External Cephalic Version at Term: Is a Tocolytic Necessary?

This prospective investigation evaluates the benefit of a beta-mimetic tocolytic for external cephalic version. From July 1, 1984 to May 15, 1987, 58 patients who had breech presentations between 37–41 weeksʼ gestation were considered for external cephalic version. The patients were randomly assigned to one of two groupstocolytic or no tocolytic. An ultrasound examination, serum alphafetoprotein (AFP), Kleihauer-Betke test, and nonstress test (NST) were performed before and after the attempt at version. A version was not attempted if there was evidence of intrauterine growth retardation (IUGR), oligohydramnios, or a nonreactive NST. Patients in the tocolytic group received 200 μg/minute of ritodrine hydrochloride for 20 minutes via continuous intravenous infusion before a version was attempted. Twenty of the 30 patients (66.7%) in the tocolytic group and 19 of the 28 patients (67.8%) in the no-tocolytic group had successful versions, a nonsignificant difference.
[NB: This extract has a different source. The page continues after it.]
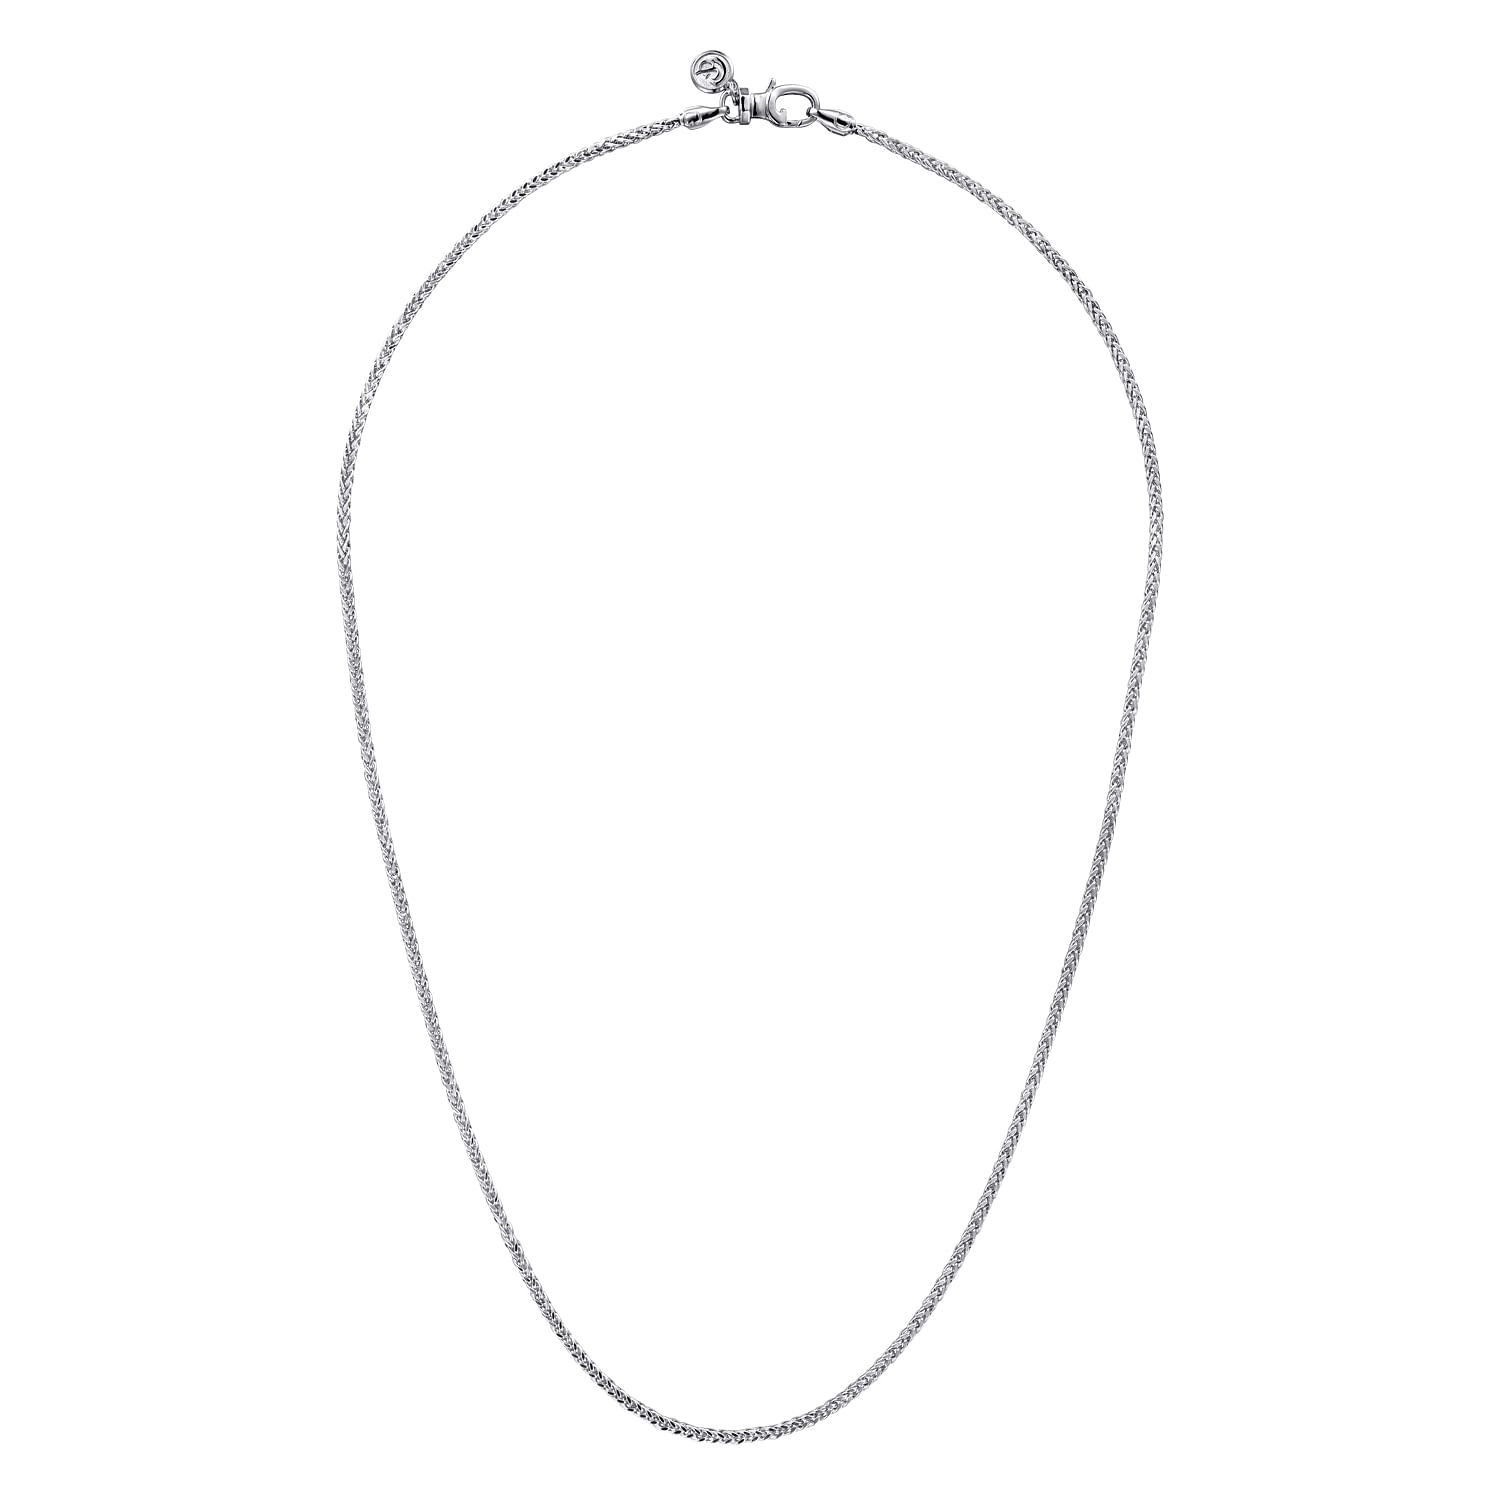 20 Inch 925 Sterling Silver Men's Wheat Chain Necklace 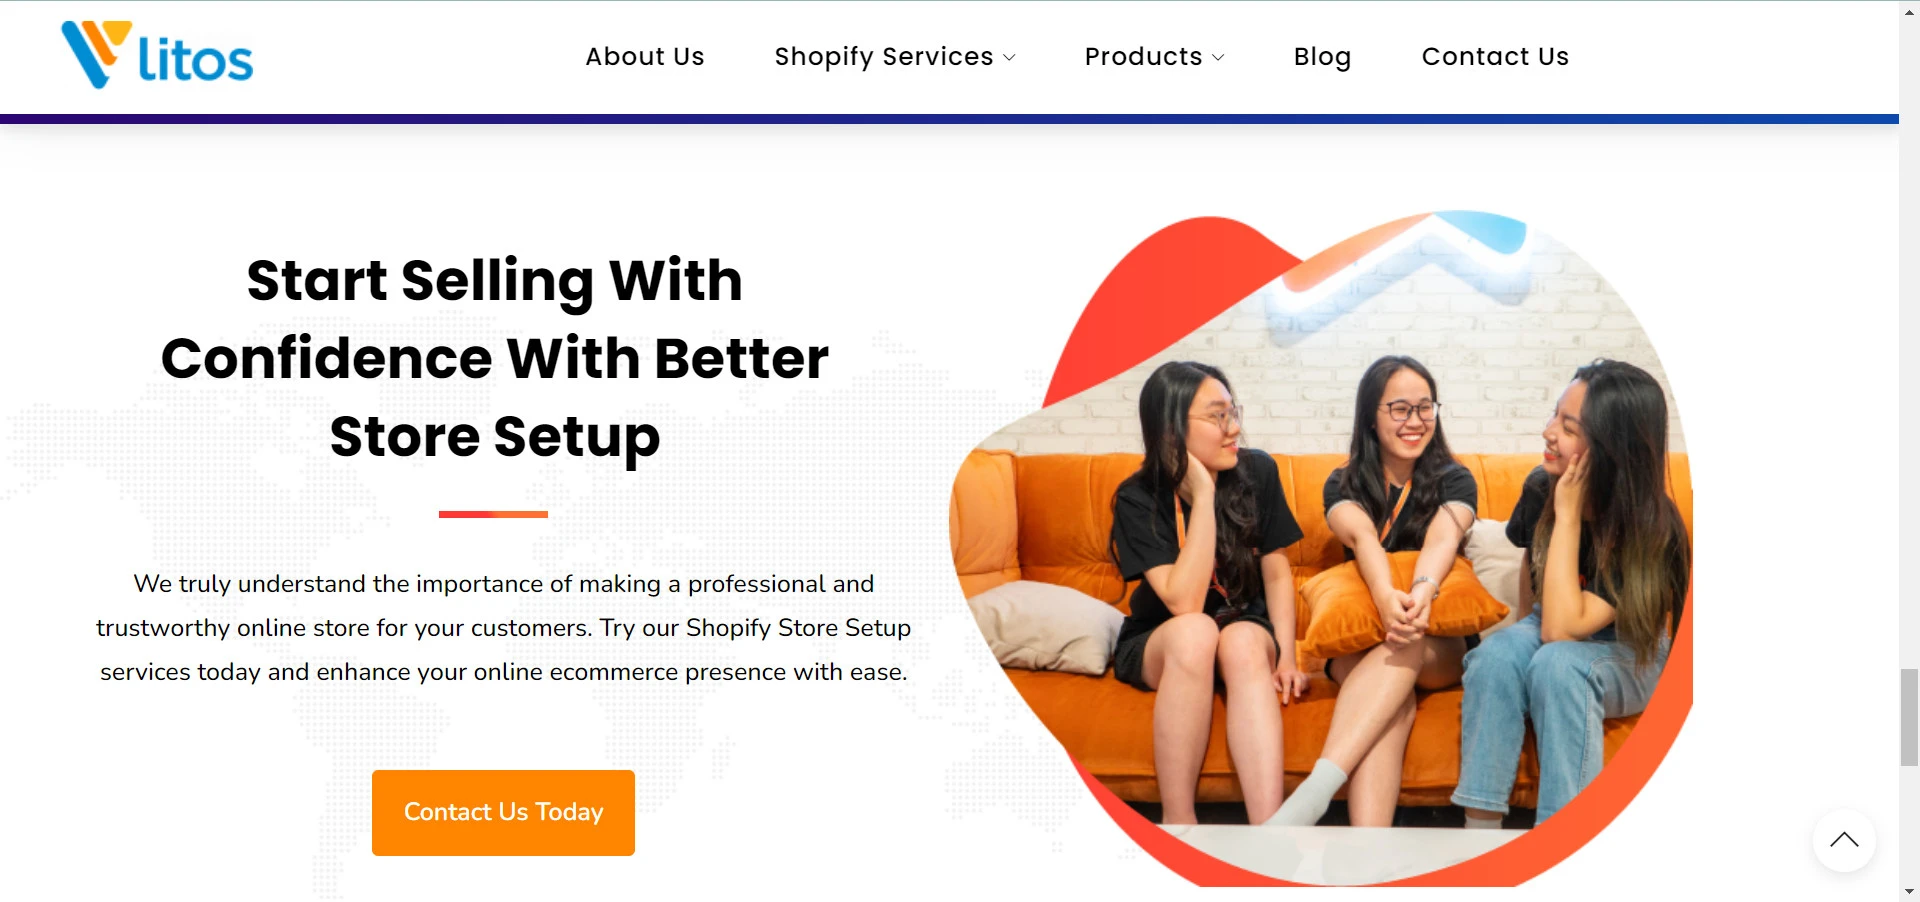 With Litos, you can be worry-free about the complicated process of setting up a Shopify store & customize it

The nine patients with unsuccessful version attempts in the group without a tocolytic then received intravenous ritodrine and underwent a second attempt. Only one of these nine attempts was successful. There were no serious maternal or fetal complications associated with the attempts at version. In our patient population, use of a tocolytic did not significantly increase the probability of a successful version.